Frequently asked questions

Why is the output price always higher than the input price?

Because writing costs more than reading. Every output token means another full forward pass through the model, so the GPU time per token going out just runs higher than for tokens coming in. That's why every major vendor prices output at three to five times the input rate. And it's why a chatty feature with long replies will always cost more than a search feature firing back two-word answers.

What is prompt caching and how do I model it?

Caching means you pay roughly 10% of the normal input price on tokens the vendor has seen recently. It's basically free money whenever you reuse a big system prompt or the same RAG context across a lot of calls. To model it, work out what share of your input actually stays the same (usually 60-90% for a real RAG system) and drop that number into the Cached input % field.

Should I always pick the cheapest model?

No. Chasing the cheapest model is exactly how you ship something that quietly falls apart on the hard cases. A classifier or a router? Haiku 4 or Gemini 3 Flash will do fine. A coding agent, a structured extraction job, a chatbot facing your actual customers? That usually wants Sonnet 4.6, GPT-5.5 or Opus 4.8. The honest move, and I will die on this hill, is to run evals on your own samples and take the cheapest model that clears your accuracy bar. Not the cheapest model, period.

How accurate are the published 2026 prices baked into this calculator?

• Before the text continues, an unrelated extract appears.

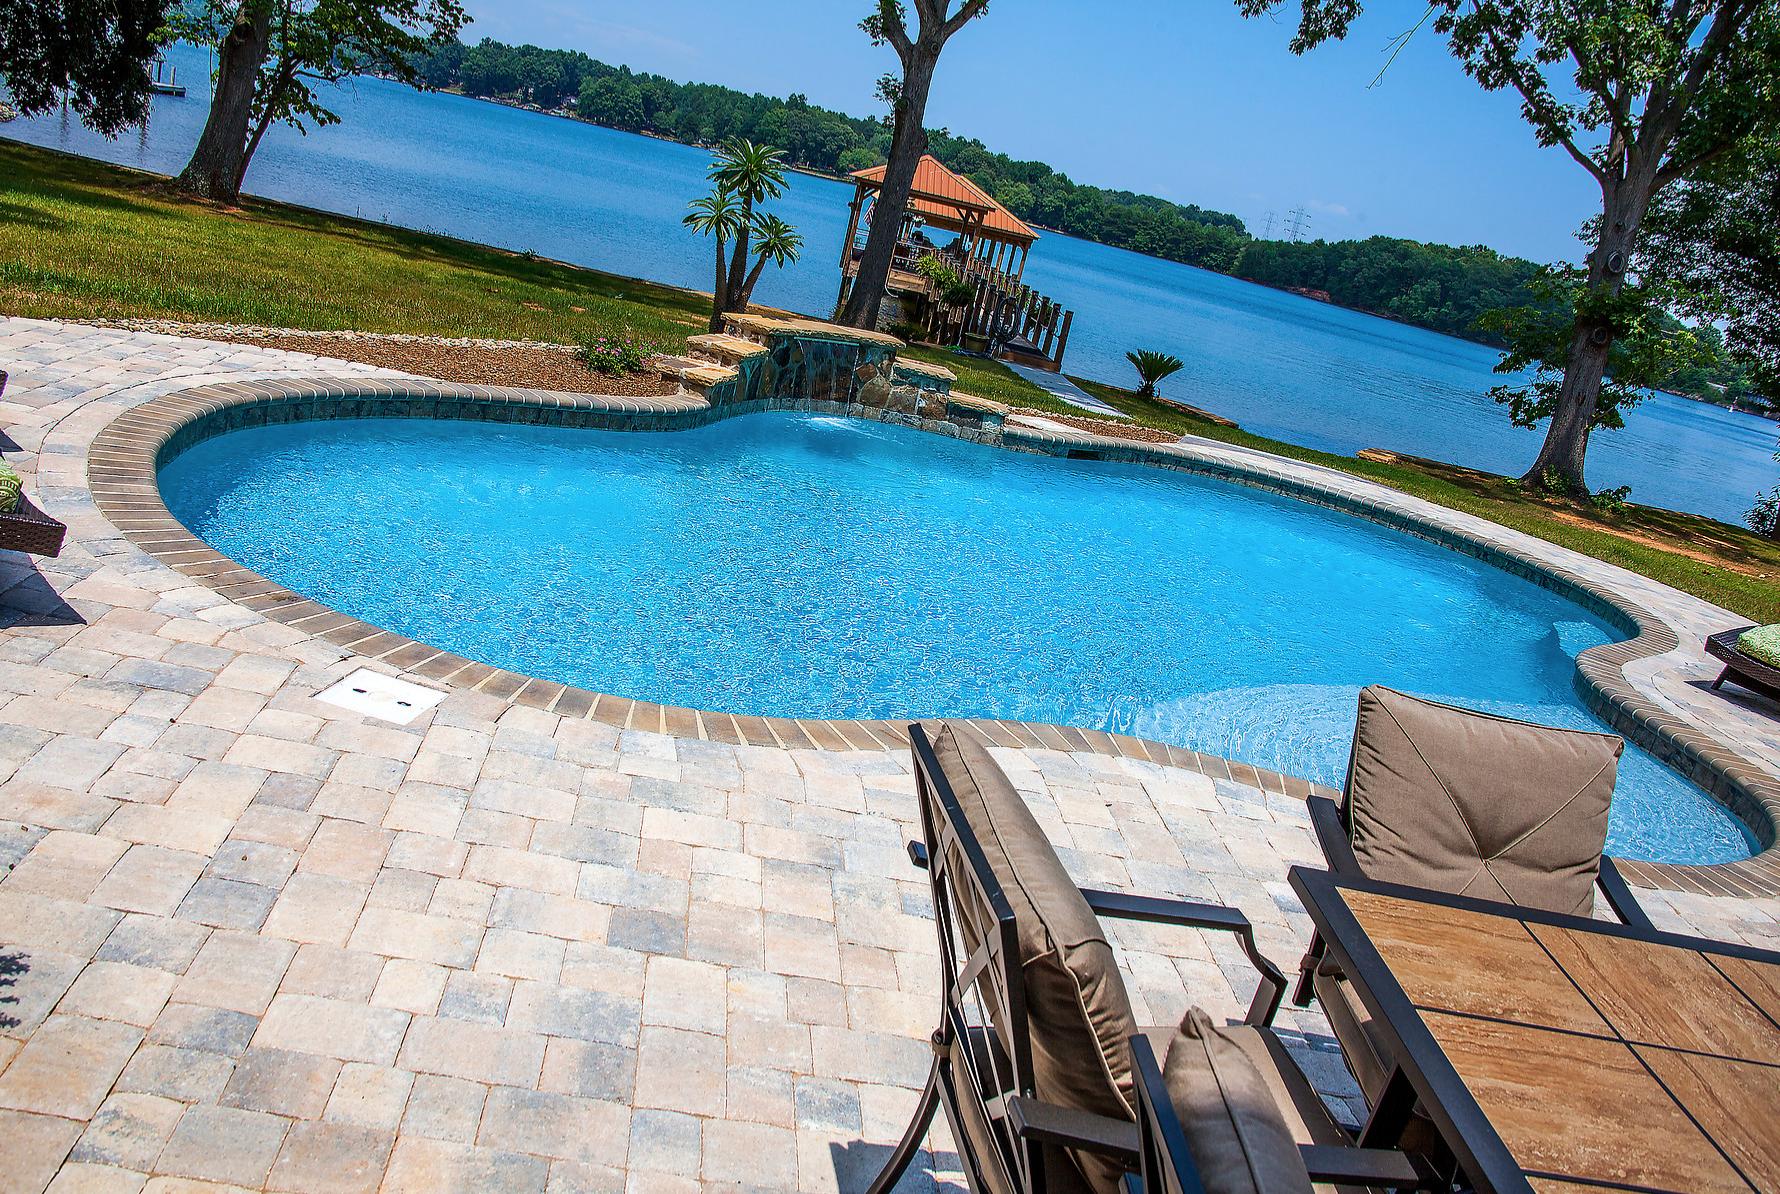 Inground Concrete Pools Installed in Cornelius North Carolina 704-799-5236 by CPC Pools

They're each vendor's publicly posted list price as of the day this went live. Accurate, sure, but accurate for the list. If you're an enterprise account you've almost certainly negotiated your own rates. Batch APIs knock 50% off. Caching takes 90% off the share it covers. What you see here is the unadjusted sticker price, so layer your own contract or batch discount on top.

Why does the same workload sometimes look cheaper on Gemini and sometimes on Claude?

It comes down to your input-to-output ratio. In 2026 Gemini 3 undercuts Claude on input, while Claude holds its own on output. So a workload that's all input with a tiny answer (big RAG context, two-line reply) tends to land on Gemini. Flip it to heavy output, say long generation or an agent loop, and Claude or GPT-5.5 can pull ahead. Don't guess at it. The ranked tab tells you who wins for your exact numbers.

Is the calculation data sent anywhere?

No. Every multiplication runs right here in your browser. The volumes you type, your cache ratio, whichever preset you clicked, all of it stays on your machine. Use it for sensitive financial planning all you like. Those numbers never go over the wire.